▶ **Dataset excerpt**
◆ ◆ ◆ ◆ ◆ ◆ ◆

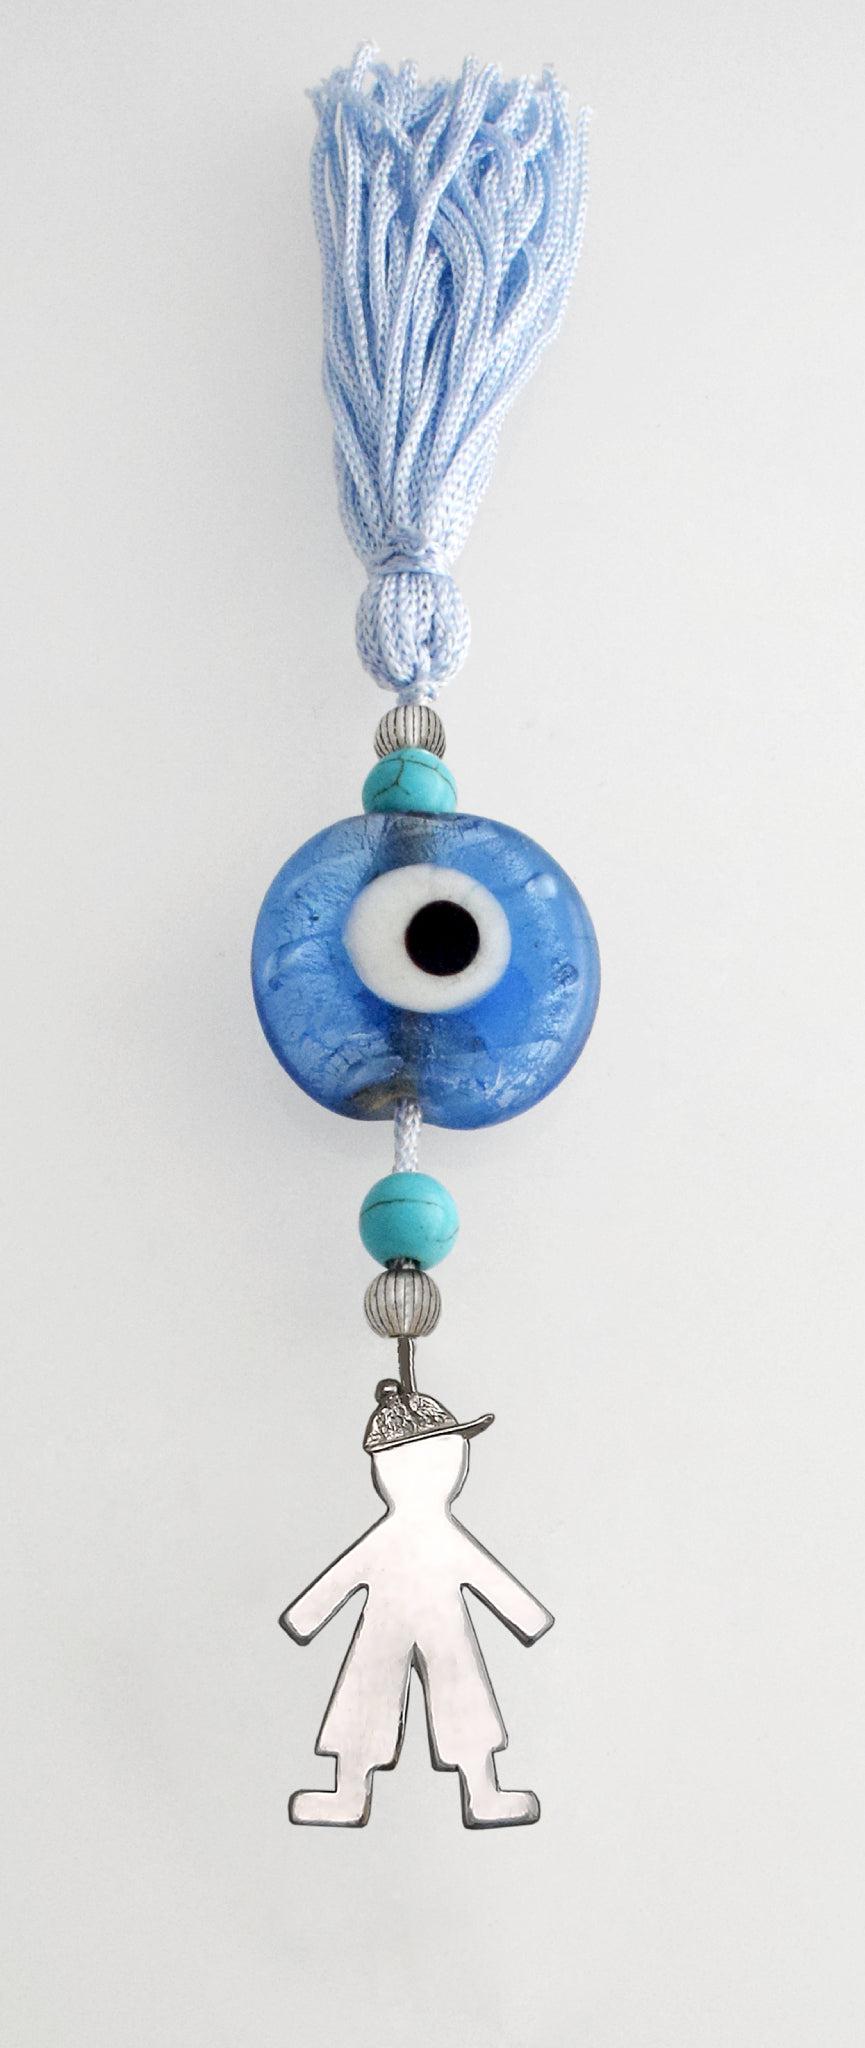 Evil Eye Charm on a tassel, House decoration, holiday decor, welcome gift, silver charm, Baby boy Charm - ELEFTHERIOU EL
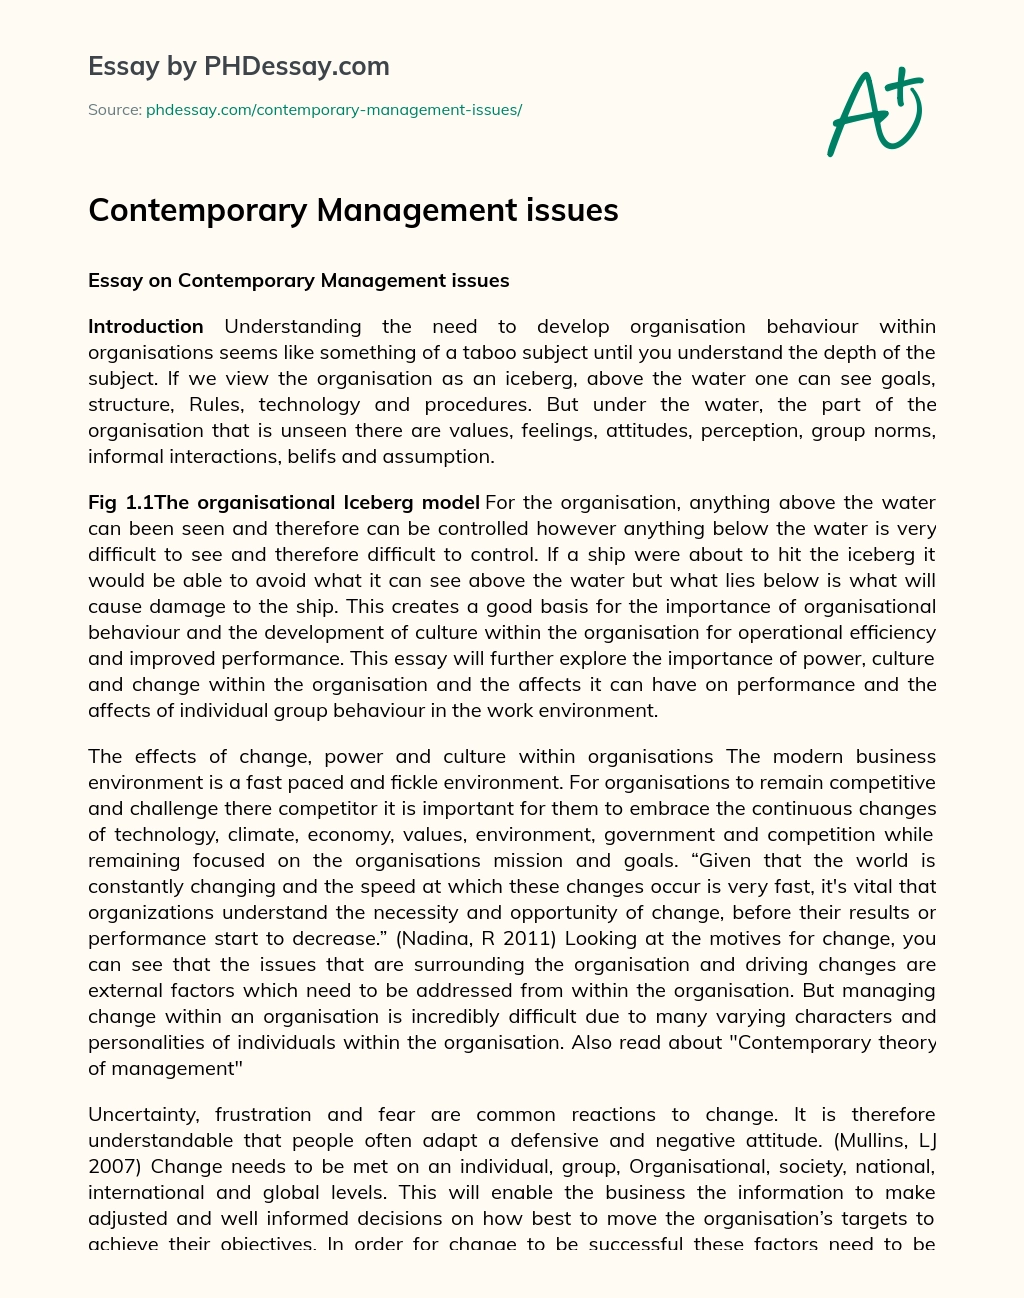 Contemporary Management issues essay
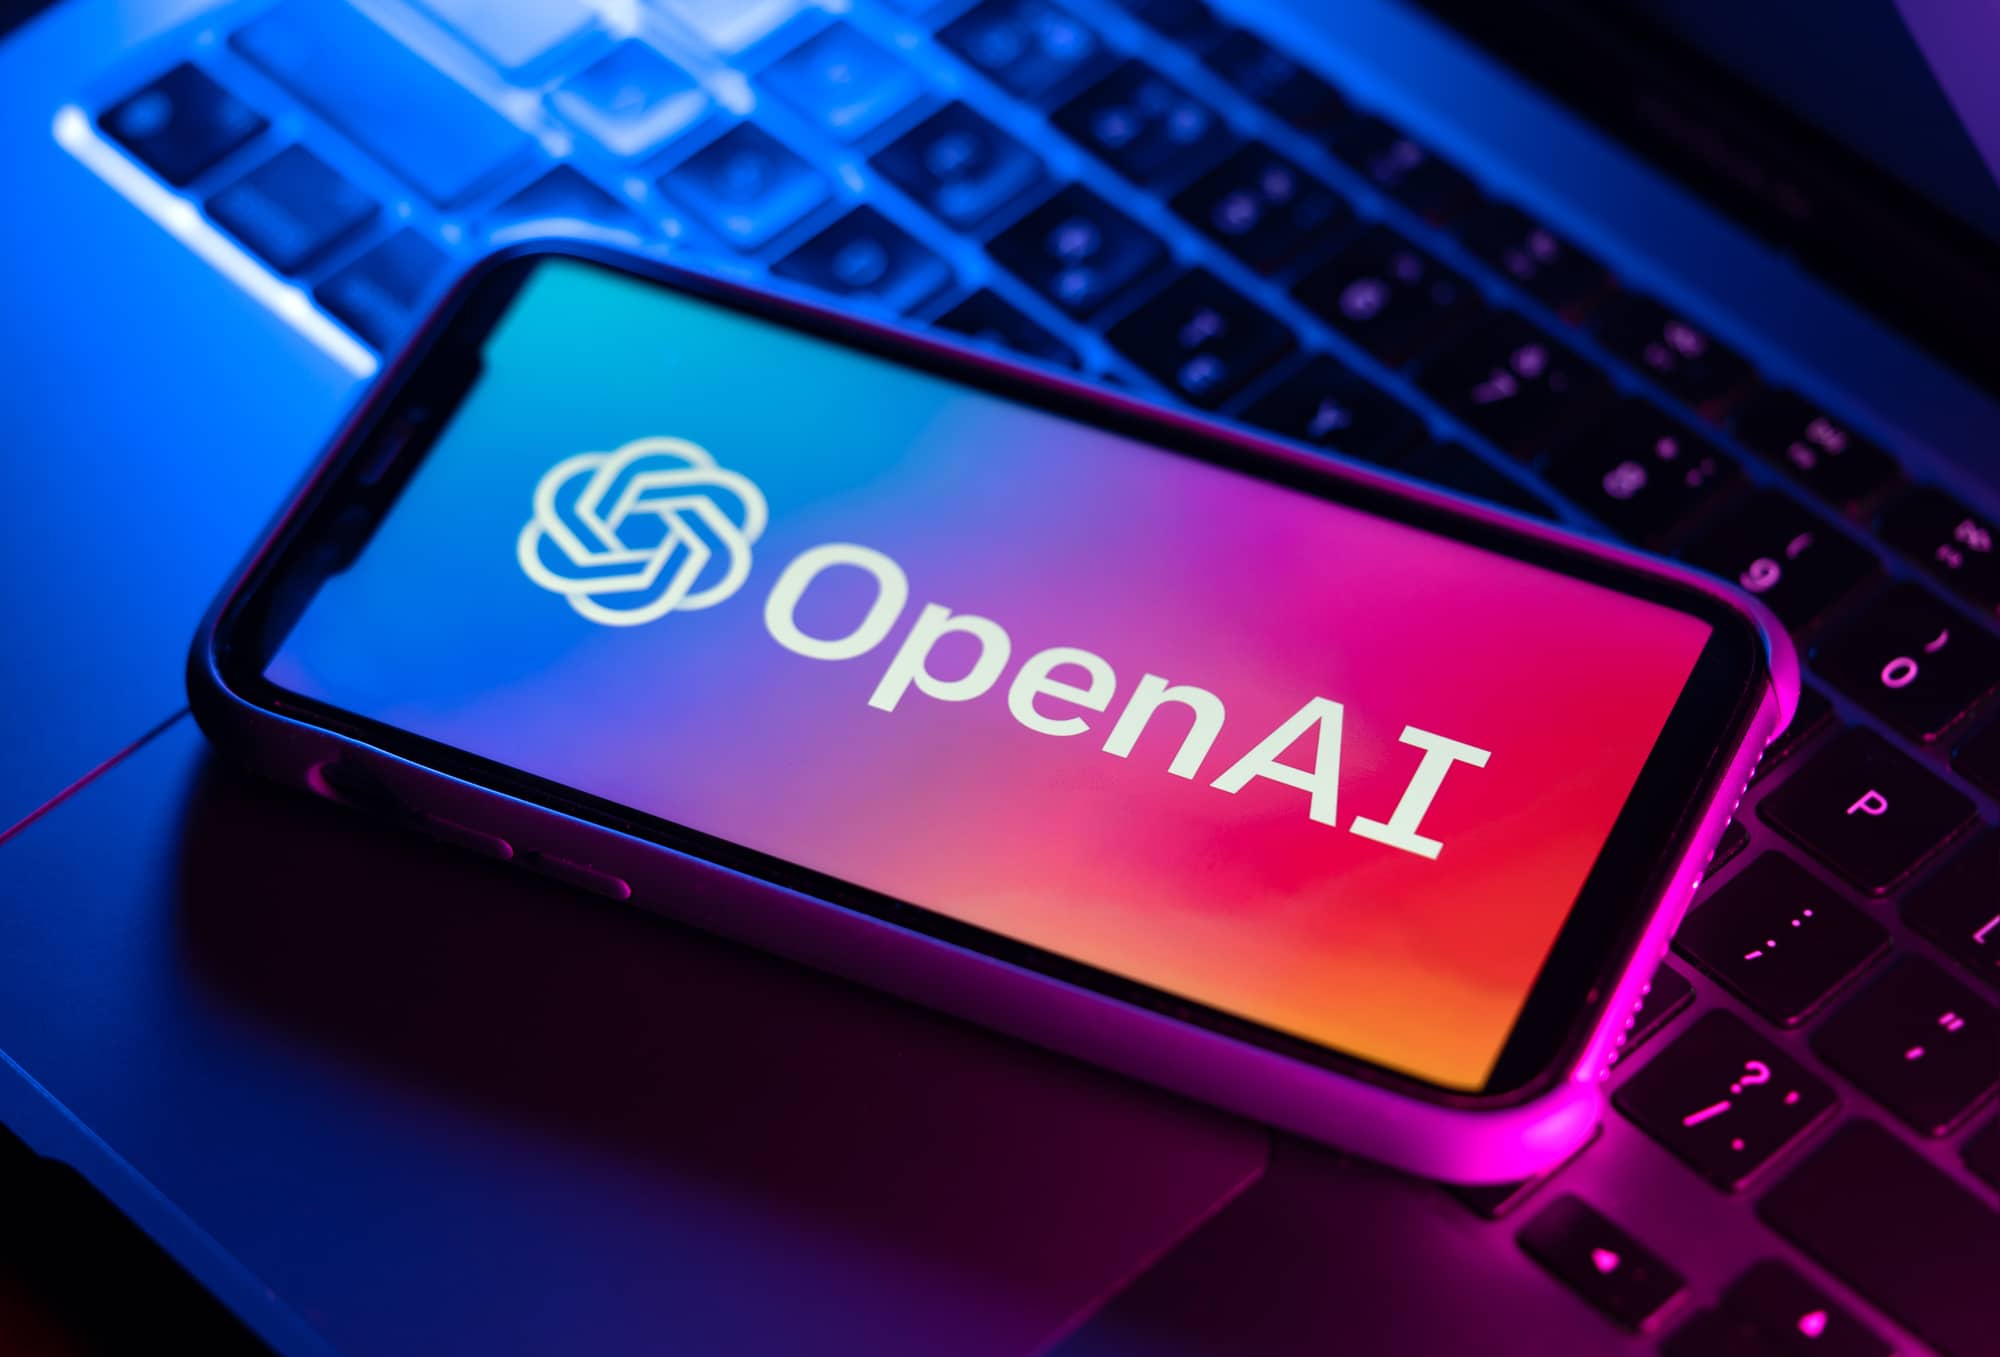 Smartphone with OpenAI logo displayed on the screen, placed on a laptop keyboard with purple backlighting, symbolizing advanced AI technology such as voice engine capabilities.

◆ ◆ ◆ ◆ ◆ ◆ ◆

▶ **Required work**
When you copy the listing above, reproduce every line exactly and skip the images.

▶ **Solution**
 Evil Eye Charm on a tassel, House decoration, holiday decor, welcome gift, silver charm, Baby boy Charm - ELEFTHERIOU EL
 Contemporary Management issues essay
 Smartphone with OpenAI logo displayed on the screen, placed on a laptop keyboard with purple backlighting, symbolizing advanced AI technology such as voice engine capabilities.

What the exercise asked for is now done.